The problem with the asynchronous bsg interface
The SCSI standard is generally thought of as a way to control storage devices, such as disk and tape drives (younger readers, ask a coworker what the latter were). But SCSI can be thought of as a sort of network protocol with more general capabilities, as demonstrated by its use to control tape-changing robots, scanners, optical-disk writers, and more. Drivers for such devices tend to run in user space; to support those drivers, the SCSI generic (SG) interface was created. This interface provides direct access to the SCSI protocol, allowing user-space code to control devices in ways not supported by the in-kernel disk and tape drivers.
The original SG interface was simply called "sg"; like the "sd" driver for SCSI disks and "st" driver for tape drives, its name highlights the SCSI developers' focus on efficiency, in that no letters were wasted. The sg driver implements a low-level device that interfaces directly with the SCSI midlayer. Back in 2004, Jens Axboe posted a new implementation that he called "bsg"; unlike sg, it worked at the level of the block layer, taking advantage of its request-queue infrastructure to manage SCSI operations. It took a while, but bsg was finally merged for the 2.6.23 release in 2007. Since then, both interfaces have coexisted in the kernel.

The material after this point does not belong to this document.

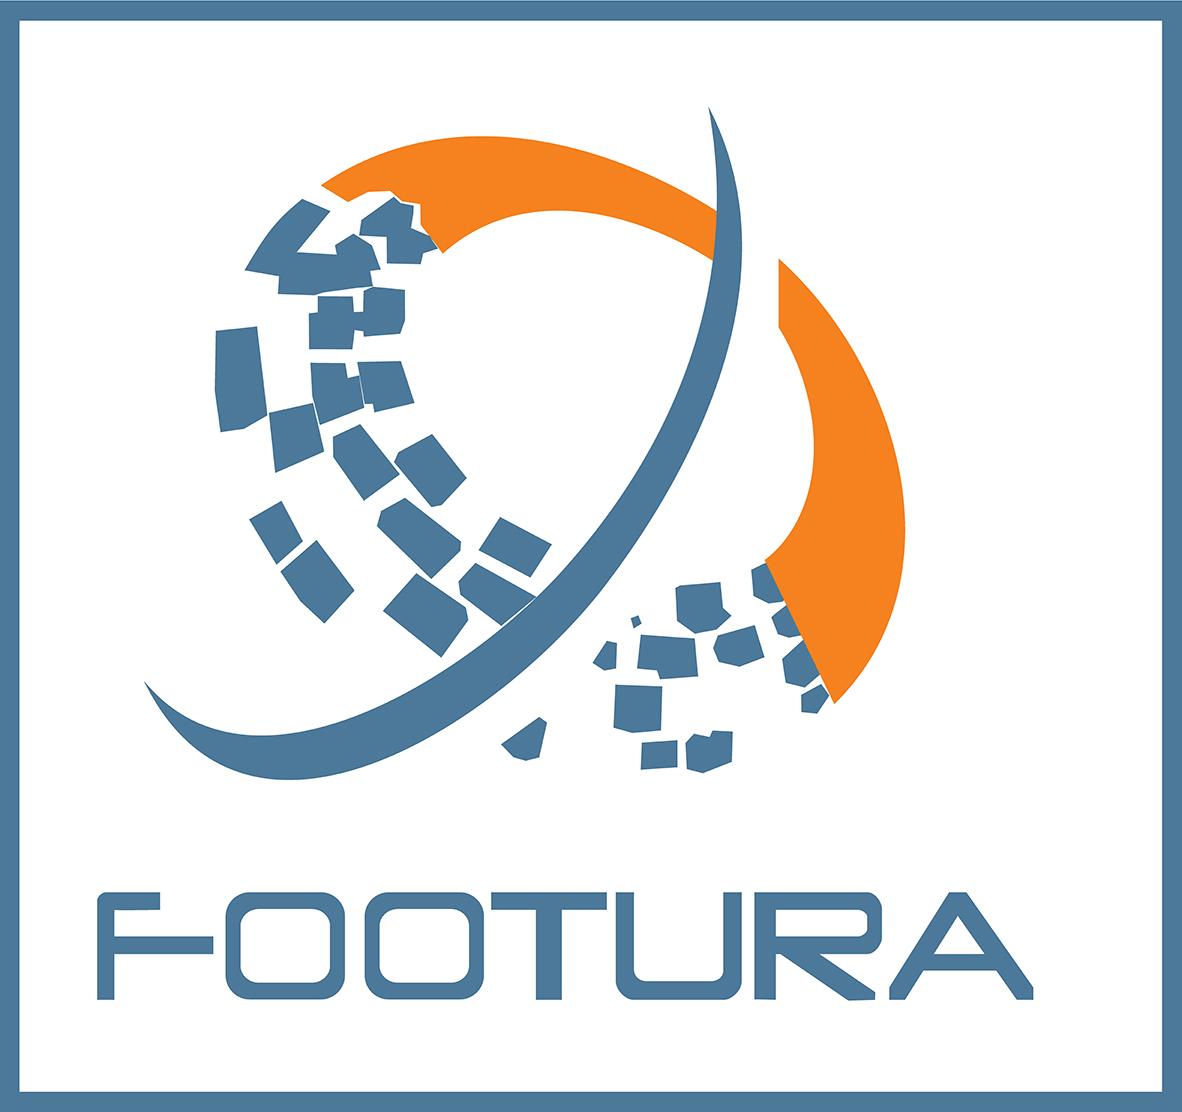 Footura
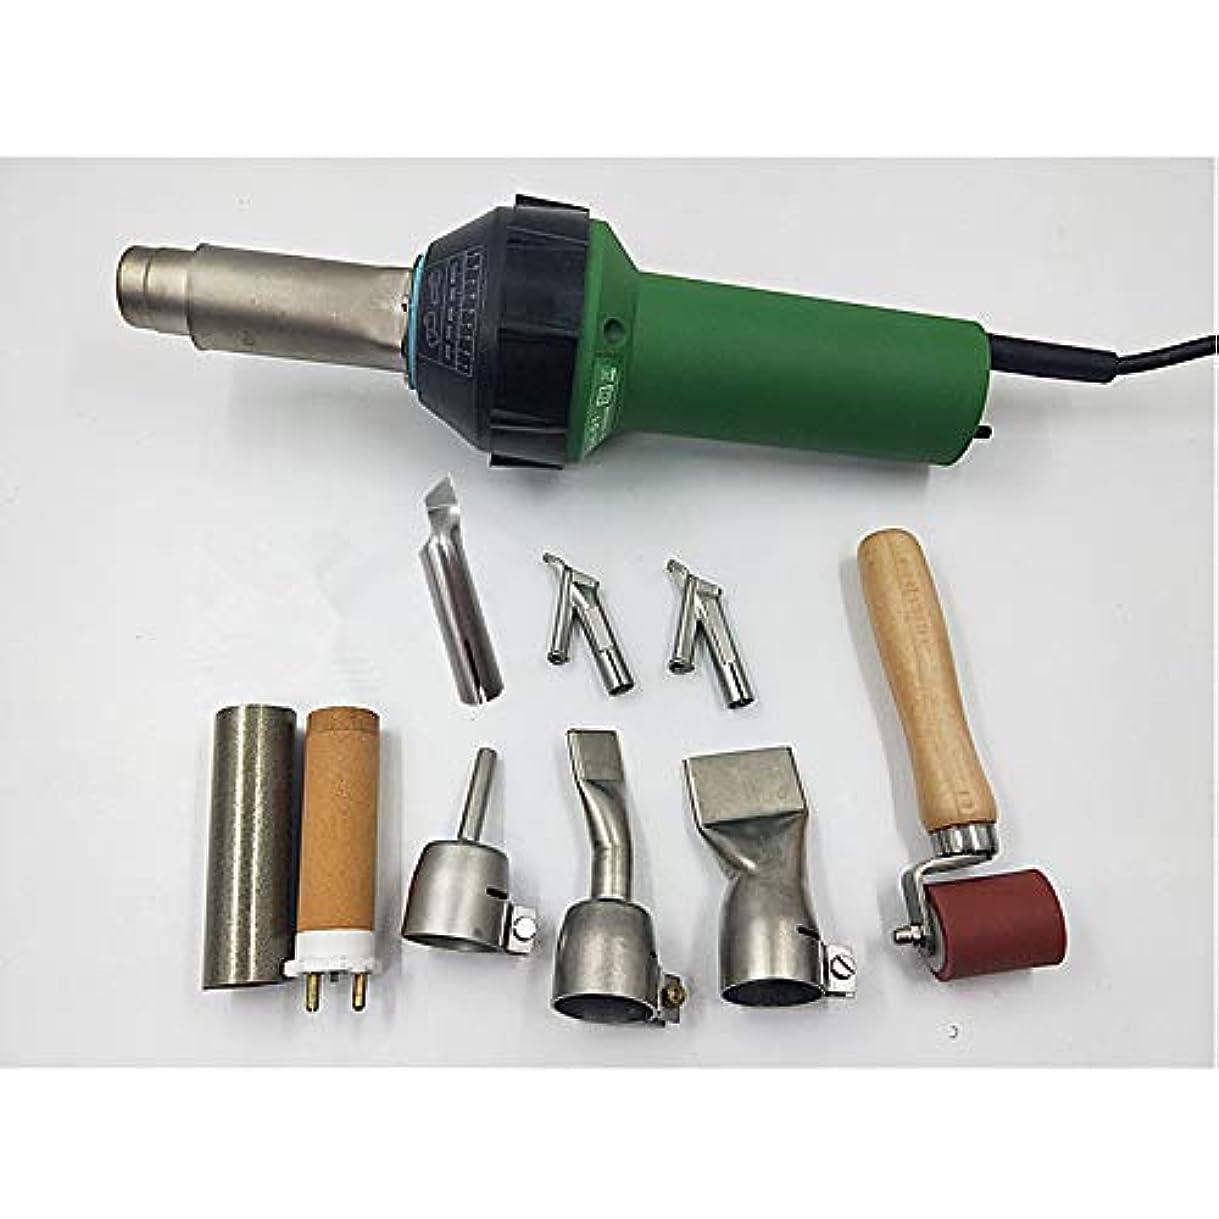 強要セクタフライカイト110 V ホットエアウェルダーガン ヒートガン ビニールフロアオーバーラップ ホットブラストトーチアクセサリー ホットガン 小型 熱風機 プラスチック 溶接機キット 熱い空気銃 電動工具 エア工具

The sg interface retains a number of users; older code makes up some of them, but some users have found that it works better for their needs (as will be revisited below). The bsg interface, instead, is the only way to gain access to some newer SCSI protocol features.
Both devices implement two different APIs to accomplish the same task. The synchronous interface uses ioctl() commands; results of operations are returned when ioctl() returns. There is also an asynchronous interface based on simple read() and write() calls, where one uses write() to issue a command, followed by a later read() to obtain the results. The system calls involved are simple, but the data that is transferred is not: SCSI commands are executed by writing an sg_io_hdr structure to the device. The structure is complex in its own right, but it can also contain pointers to other ranges of user-space memory. Normally, a write() call will not access memory outside of the provided buffer; with these interfaces, instead, a write() call can cause accesses to memory almost anywhere in the address space.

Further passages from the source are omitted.